China is rich in gem-quality turquoise resources, including north-west Hubei Province. In this study, we determined the reflectance spectra (350–2500 nm) of four types of turquoise samples (porcelain, hard turquoise, soft turquoise, and loose turquoise) sourced from Shiyan city, Hubei province using an ASDTM TerraSpec spectrometer, and used a HySpexTM imager to obtain the hyper-spectral image (1000–2500 nm) of the turquoise samples, in an attempt to understand their spectral features and to evaluate the capability of hyper-spectral imaging in turquoise identification and separation.
2. Materials and Methods
2.1. Samples
The turquoise samples used in this study (
Figure 1) are divided based on density and hardness. They are porcelain (high hardness and density), hard turquoise (medium hardness and density), soft turquoise (medium to low hardness and density), and loose turquoise (low hardness and density).
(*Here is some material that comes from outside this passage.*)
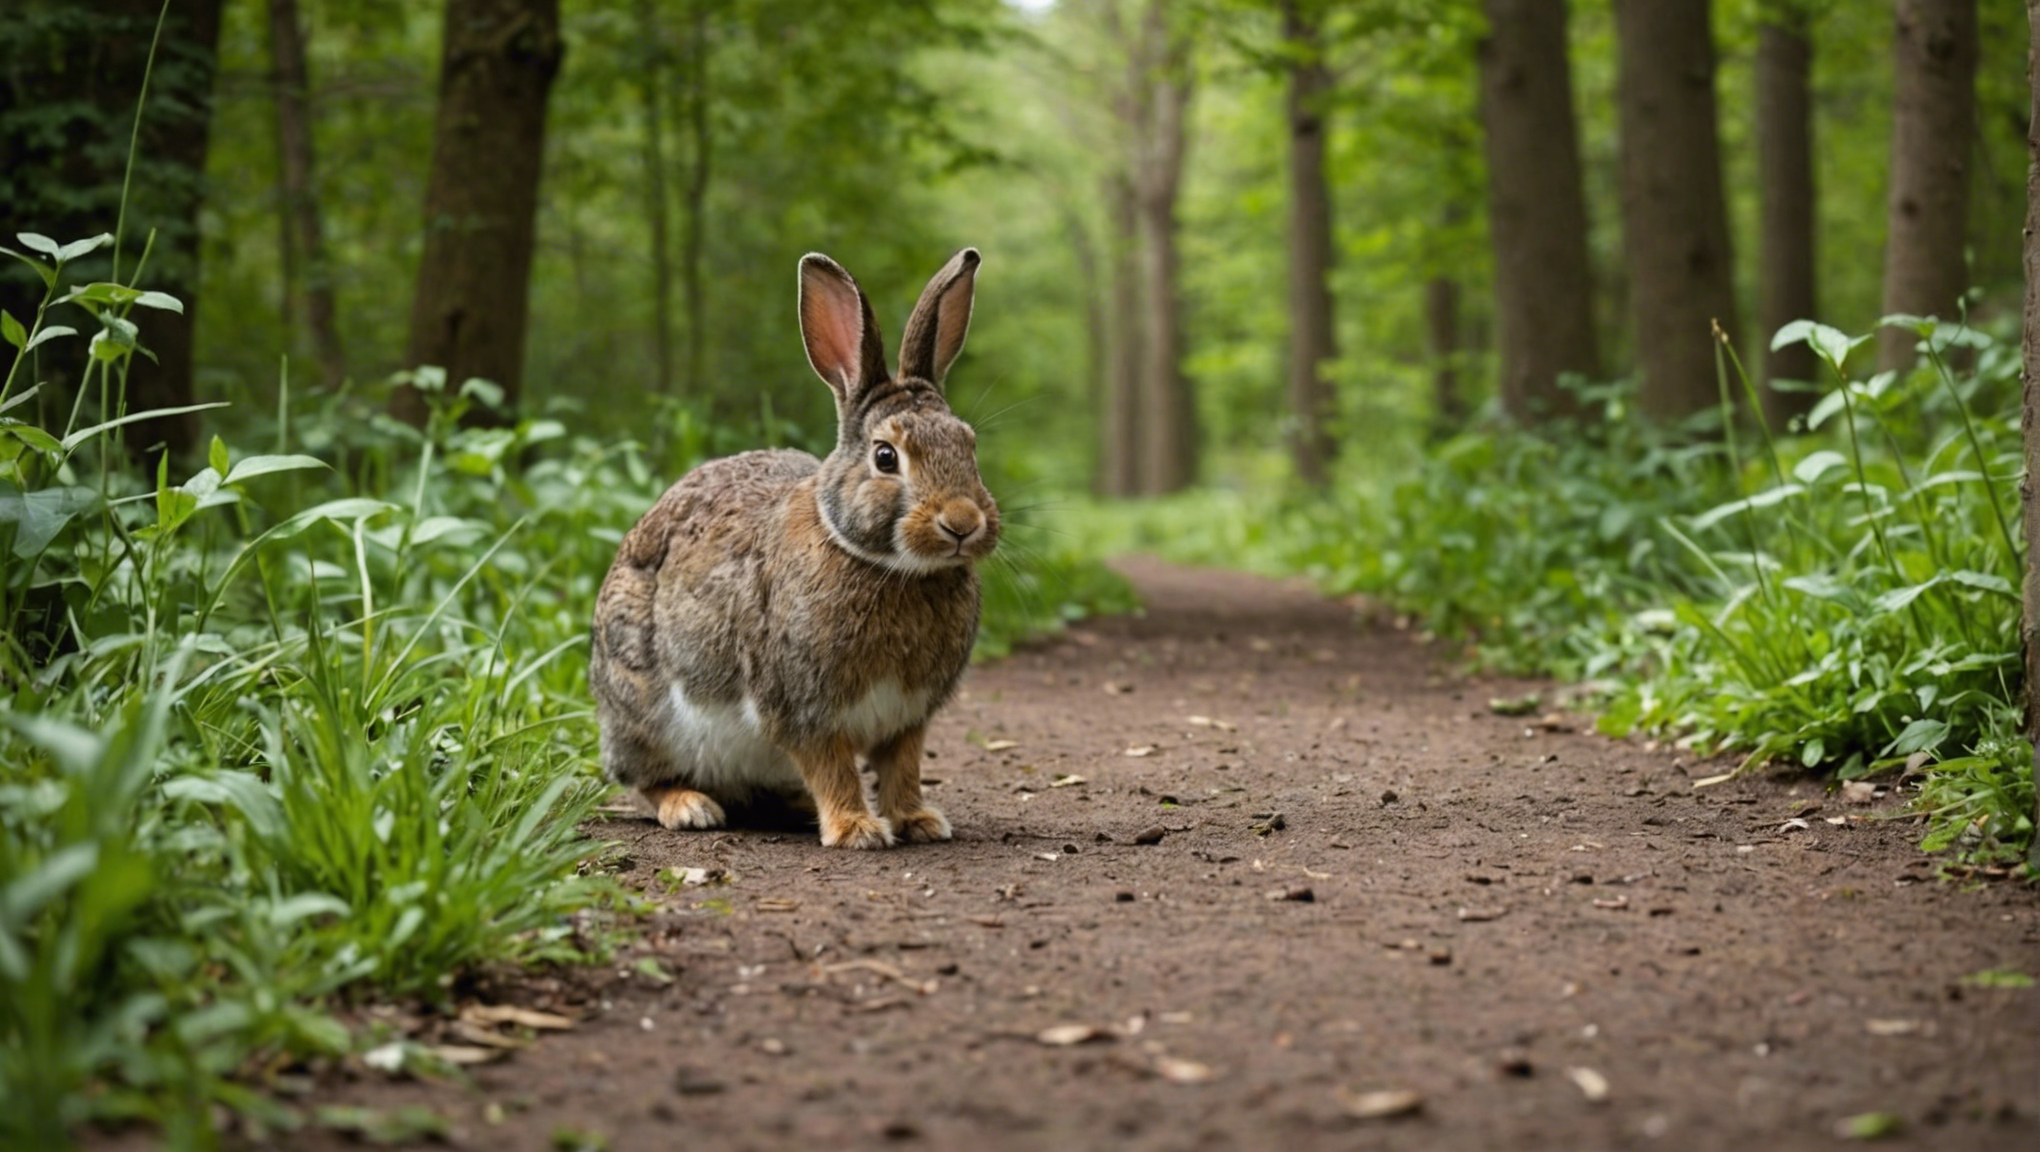 discover the significance and symbolism behind the act of a rabbit crossing your path and what it may mean for your life.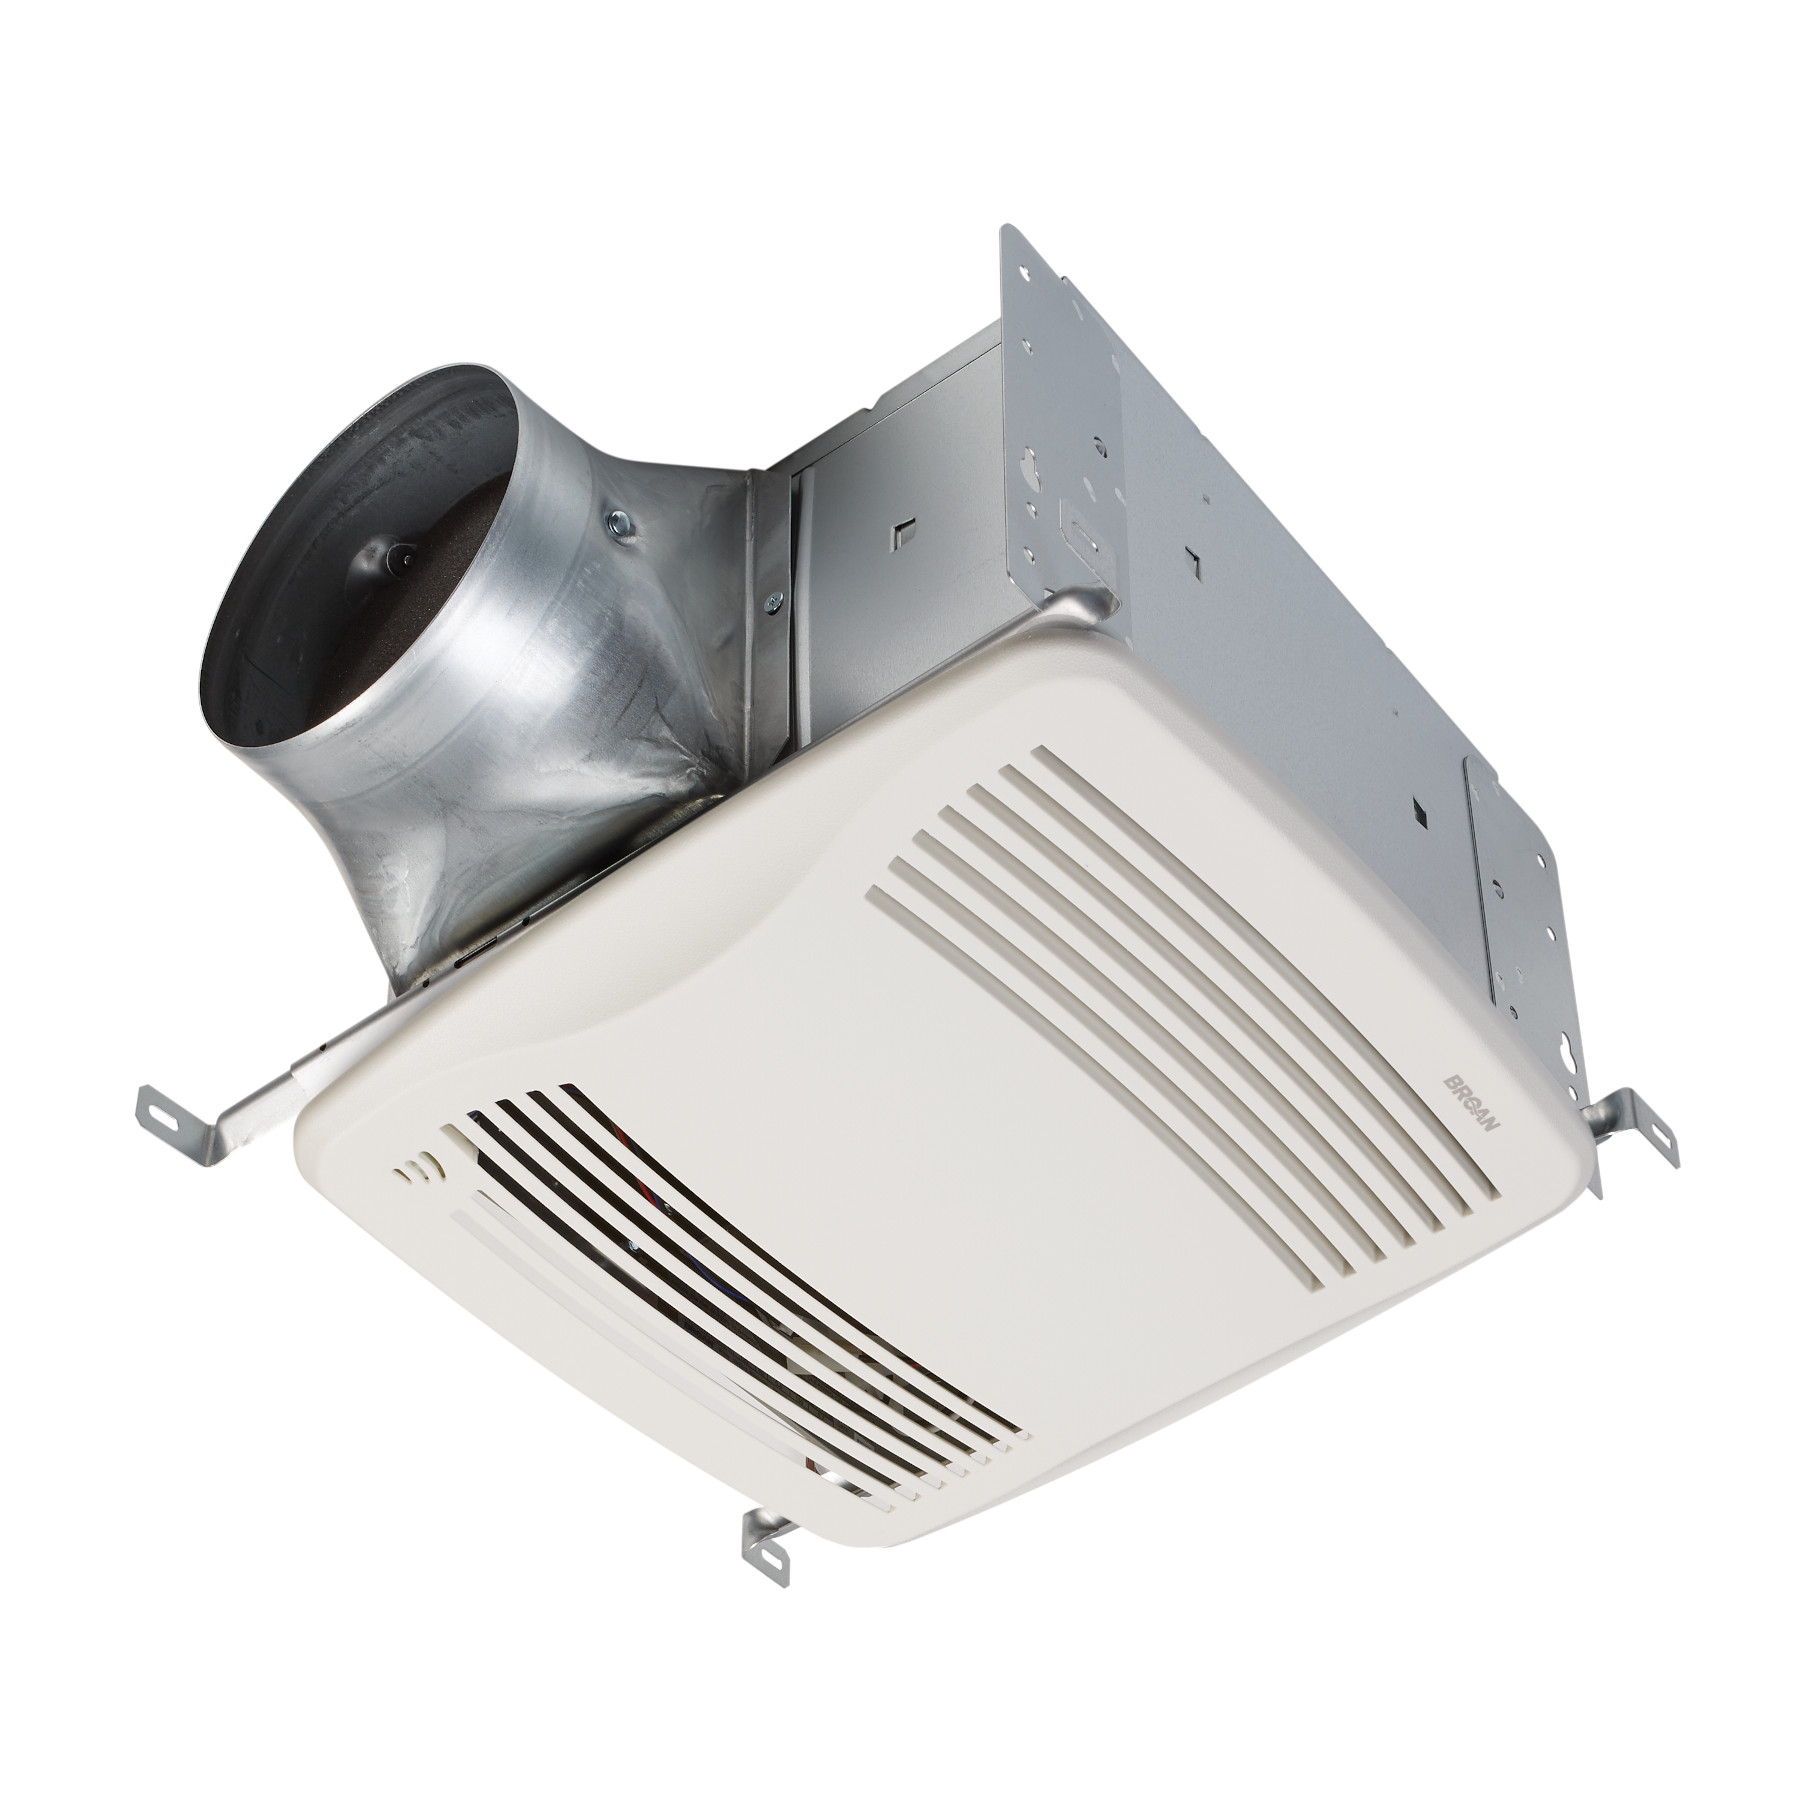 Humidity Motion Sensing Fans, Best Bathroom Exhaust Fan With Light And Humidity Sensor

Porcelain is dark blue to dark green, has a delicate texture with Mohs hardness between 5.5 and 6, and grain size ranging from 1 to 4 mm.
Hard turquoise is blue-green to sea foam with relatively high density. The Mohs hardness of the sample is 4.5–5.5, and the grain size is from 3 to 5 mm.
Soft turquoise is light blue with relatively low density. The Mohs hardness is below 4.5, and the grain size is from 5 to 6 mm.
Loose turquoise is light grey and soft, with earthly luster and dull with grain size between 4 and 5 mm. It marks paper in much the same way as graphite.
2.2. Instruments
Spectrum measurement experiments of four turquoise samples were carried out using an ASDTM TerraSpec spectrometer (Analytical Spectral Devices Inc., Boulder, CO, USA), for which the spectral range is 350–2500 nm, and the spectral resolutions are 3 nm at 700 nm and 6 nm at 1400 nm and 2100 nm. The sampling intervals for the instrument are 1.4 nm between 350 nm and 1000 nm, and 2 nm between 1000 nm and 2500 nm. The signal-to-noise values are 9500 DN at 700 nm, 5000 DN at 1400 nm, and 800 DN at 2100 nm.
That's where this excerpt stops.